Dans le camp de Nour Chams, à Tulkarem, des habitants observaient vendredi les dégâts après le retrait israélien.
"Il n'y a pas de différence entre nous et Gaza, nous sommes le deuxième Gaza", affirme Nayef Alajma.
Les incursions israéliennes dans des zones autonomes palestiniennes sont quotidiennes en Cisjordanie occupée, mais elles sont rarement d'une telle ampleur.
"Qu'est-il advenu de notre humanité?"
Depuis le début de la guerre à Gaza, les violences en Cisjordanie ont flambé.
L'ONU a chiffré mercredi à au moins 637 les Palestiniens tués par l'armée israélienne ou des colons depuis le 7 octobre. Au moins 19 Israéliens parmi lesquels des soldats y ont péri dans des attaques palestiniennes ou des opérations de l'armée, selon les données officielles israéliennes.
Dans la bande de Gaza, les secours gazaouis font état vendredi de nouvelles frappes israéliennes, recensent au moins trois morts dans un raid aérien sur l'est de Khan Younès (sud), et deux autres, dont un enfant, dans une frappe sur le camp de réfugiés de Jabaliya (nord).
L'armée dit avoir frappé un lanceur de projectiles d'où des tirs avaient été effectués vers le territoire israélien. Elle affirme en outre avoir tué des "dizaines" de combattants dans le sud et le centre de la bande de Gaza au cours des dernières 24 heures.
Sur 251 personnes enlevées le 7 octobre par les militants palestiniens, 103 sont toujours retenues à Gaza, dont 33 déclarées mortes par l'armée.
Les représailles israéliennes à Gaza ont fait au moins 40.602 morts, selon le ministère de la Santé à Gaza, et provoqué un désastre humanitaire et sanitaire dans le territoire assiégé.
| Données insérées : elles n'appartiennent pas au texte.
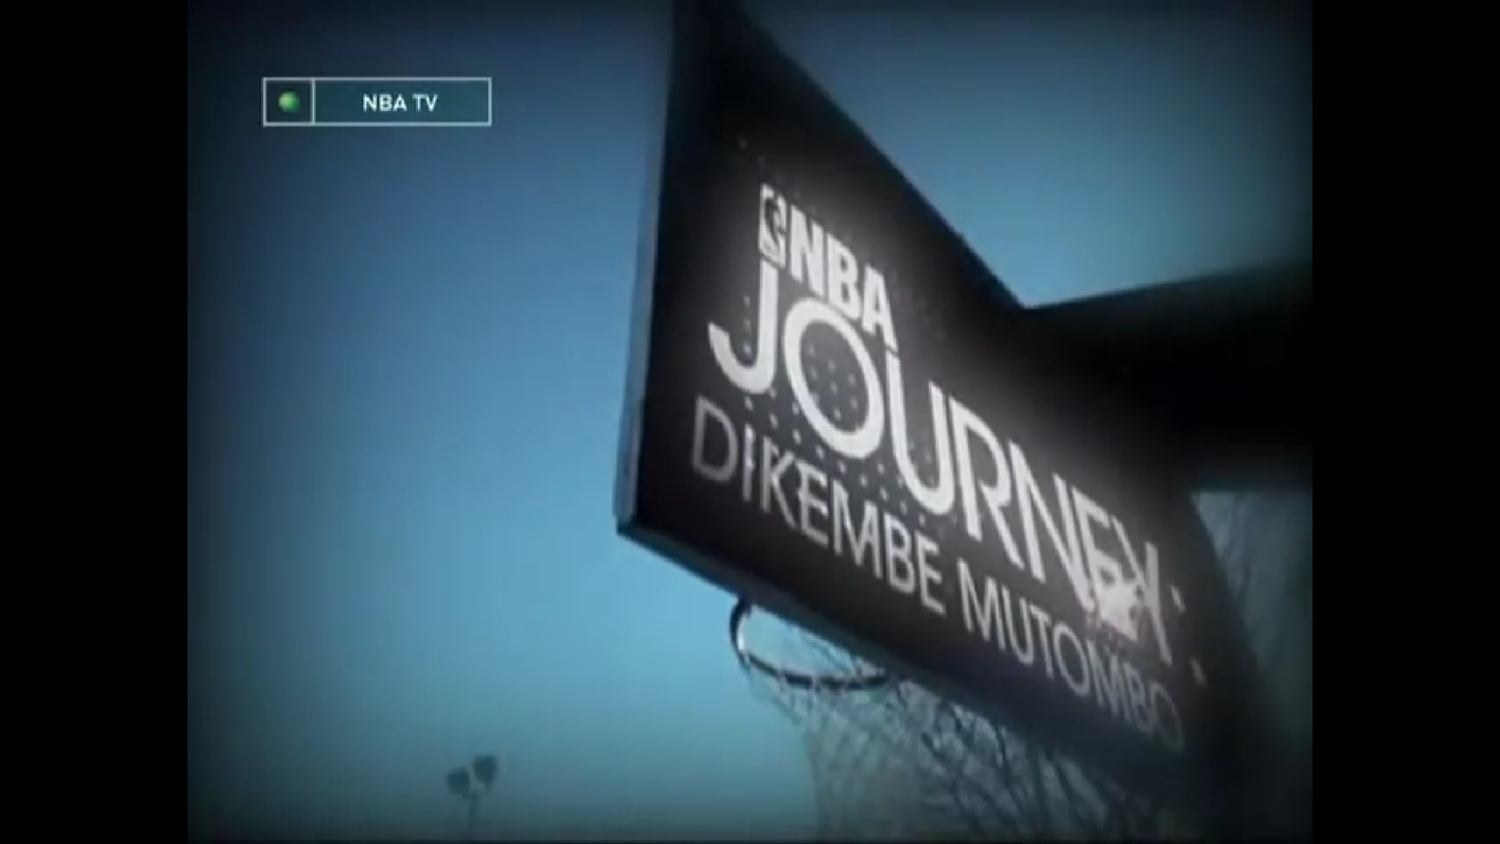 NBA Journey. Дикембе Мутобмо. Телеканал NBA TV

La plupart des 2,4 millions d'habitants du territoire palestinien ont été déplacés en près de 11 mois de guerre.
Seule lueur d'espoir: un responsable de l'Organisation mondiale de la Santé (OMS) a annoncé jeudi qu'Israël avait accepté des "pauses humanitaires" de trois journées chacune, à raison de plusieurs heures par jour, pour lancer dimanche la vaccination des enfants contre la polio, après l'annonce d'un premier cas confirmé.
L'ambassadeur américain adjoint à l'ONU Robert Wood a appelé Israël à "assurer des périodes de calme et à s'abstenir d'opérations militaires" pendant ces périodes, et à "éviter de nouveaux ordres d'évacuation".
Des ordres d'évacuation que la cheffe par intérim du bureau humanitaire de l'ONU (Ocha), Joyce Msuya, a dénoncé devant le Conseil de sécurité de l'ONU -- 16 depuis début août --, forçant la population à se déplacer sans cesse, vivant "dans l'incertitude, sans savoir quand le prochain ordre arrivera".
"Les civils ont faim. Ils ont soif. Ils sont malades. Ils sont sans abri. Ils ont été poussés au-delà des limites de leur résistance, au-delà de ce que tout être humain devrait endurer", a-t-elle dit.
"Ce dont nous avons été témoins ces 11 derniers mois (...) remet en question l'engagement du monde envers le droit international créé pour empêcher ces tragédies", a-t-elle déploré.
"Cela nous force à demander: qu'est-il advenu de notre humanité élémentaire?".